Metro: Last Light: The Kotaku Review

Late last week, PR advised reviewers to turn off PhysX on AMD cards, which does help performance, but the game still feels substantially less optimised for AMD machines. (Last Light carries the endorsement and branding of Nvidia, the company who make GeForce cards, but not of AMD.) On an AMD 6870, it’d generally run at High-to-Very High settings and keep at 40-60FPS, but often it would dip into the nether regions below 20FPS. On my GeForce card, however, it ran the same settings in a 45-60FPS sweet spot for the majority of the game, and only occasionally dipped down to 30.

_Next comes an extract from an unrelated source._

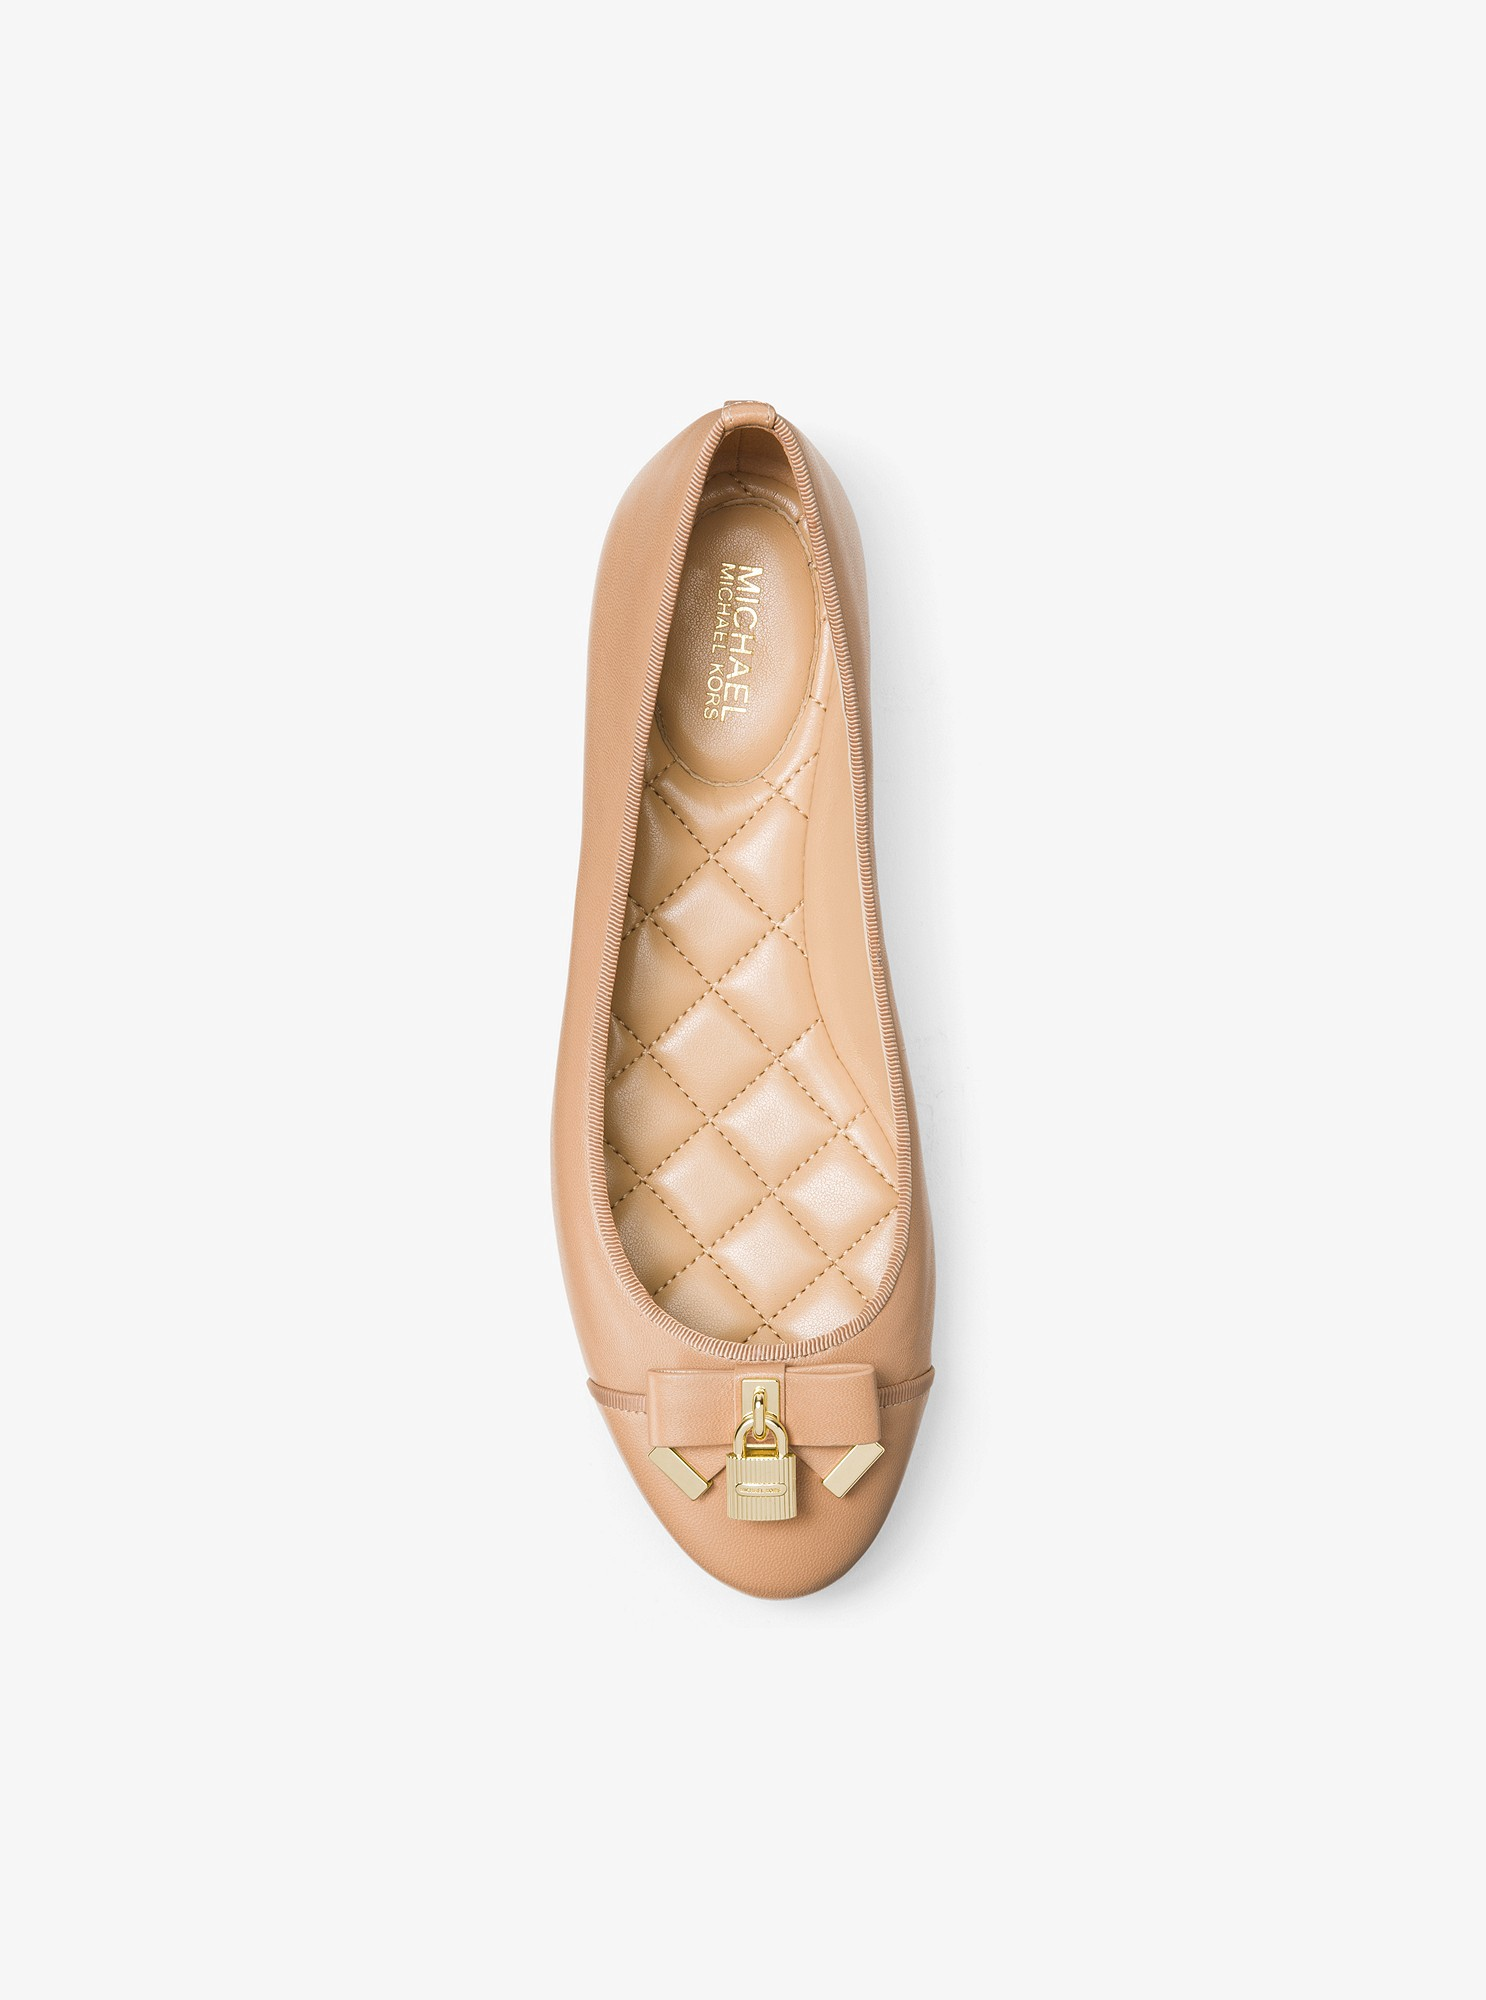 967f3872f8f Michael Kors Alice Leather Ballet Flat - Toffee 9.5
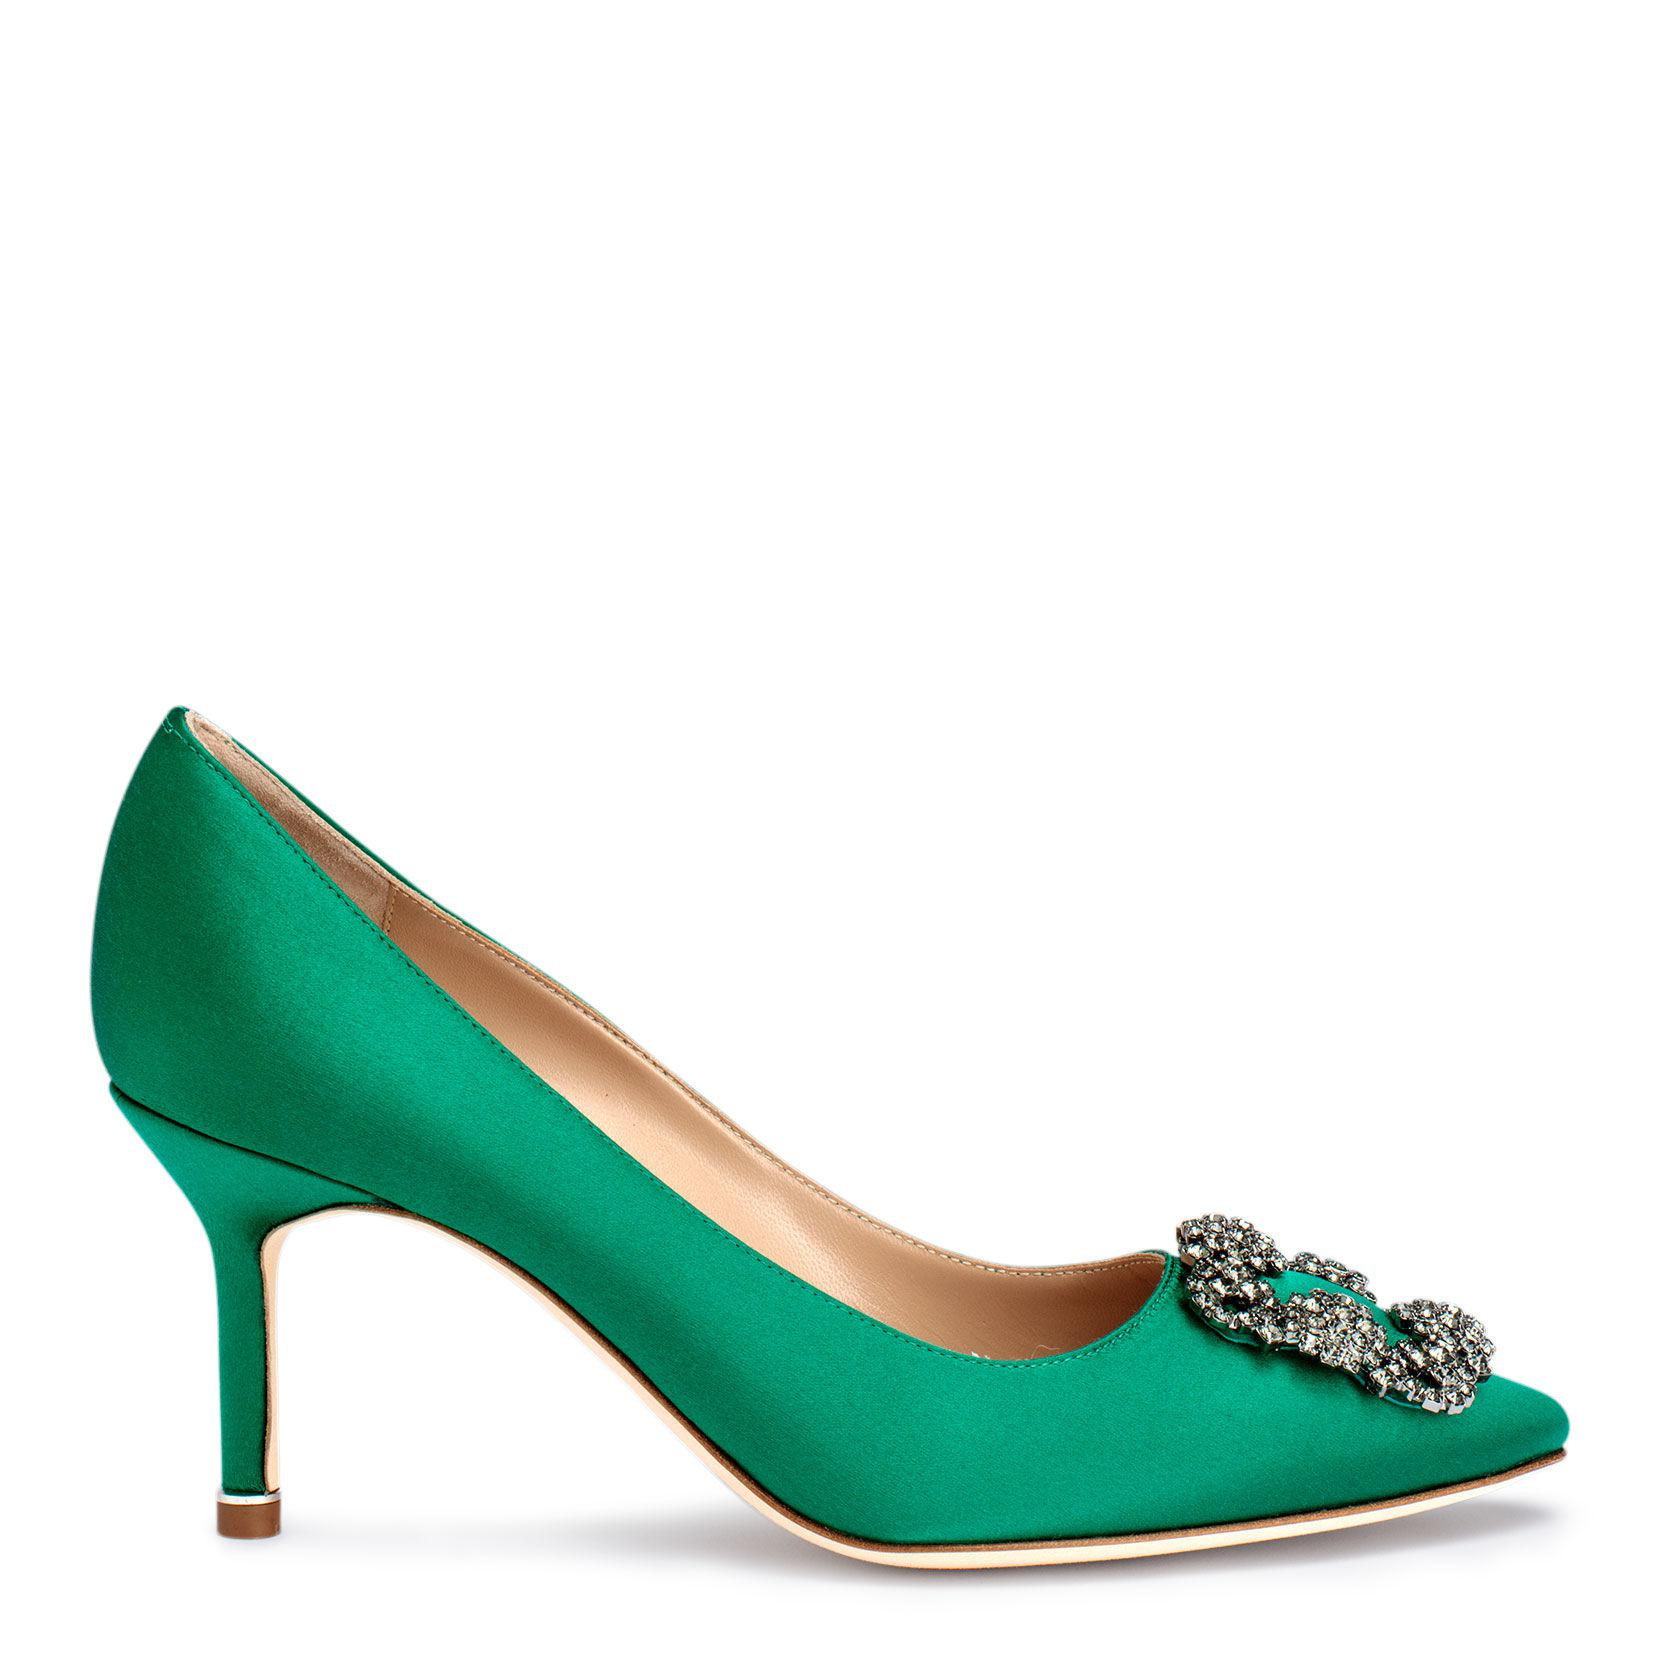 494cbb5c02f Manolo Blahnik - Green Hangisi 70 Emerald Satin Pumps - Lyst. View  fullscreen

I don’t have either console copy of Last Light, but Chris in the New York office has been testing out the 360 version and reports that it works for the most part, though it has crashed on him once. And, not to freak anyone out, but Luke played the game on an AMD 6950 and it completely fried his card after about 15 minutes of playtime. His video card is now unusable. Did the game cause that, or something else? There are too many variables to say for sure. I have yet to see anyone else report anything like that, at least.

I don’t feel I have enough information to say anything definitive about the game’s PC performance, so I’ll keep an eye on forums once the game is out and there’s a larger sample-size of players. But what I can say definitively is that while Last Light mostly worked fine on my GeForce-based PC, this game has a few more technical problems than it ought to.

I’ve been emailing with Deep Silver PR about Last Light‘s performance issues, though I don’t yet have any official word on a patch or any planned fixes. I’ve also reached out to AMD to ask if they’re going to issue new drivers. I’ll update once I know more. For the time being, if you can bear to wait, I’d recommend holding off on Last Light if you’re using an AMD graphics card, as the game will hopefully get more playable in the near future. And hey, there’s already a Last Light-optimized beta driver out for GeForce cards, which I haven’t tested but which Nvidia claims further improves performance.

Despite those technical irritations, I very much enjoyed the majority of my time with Metro: Last Light. (Oh, the power of well-wrought atmosphere!) It’s a game of stark, nightmarish beauty, and while it borrows liberally from many other games — among them S.T.A.L.K.E.R., Half-Life 2, Far Cry 2 and its own predecessor — Last Light still manages to forge a weighty, worthy identity of its own.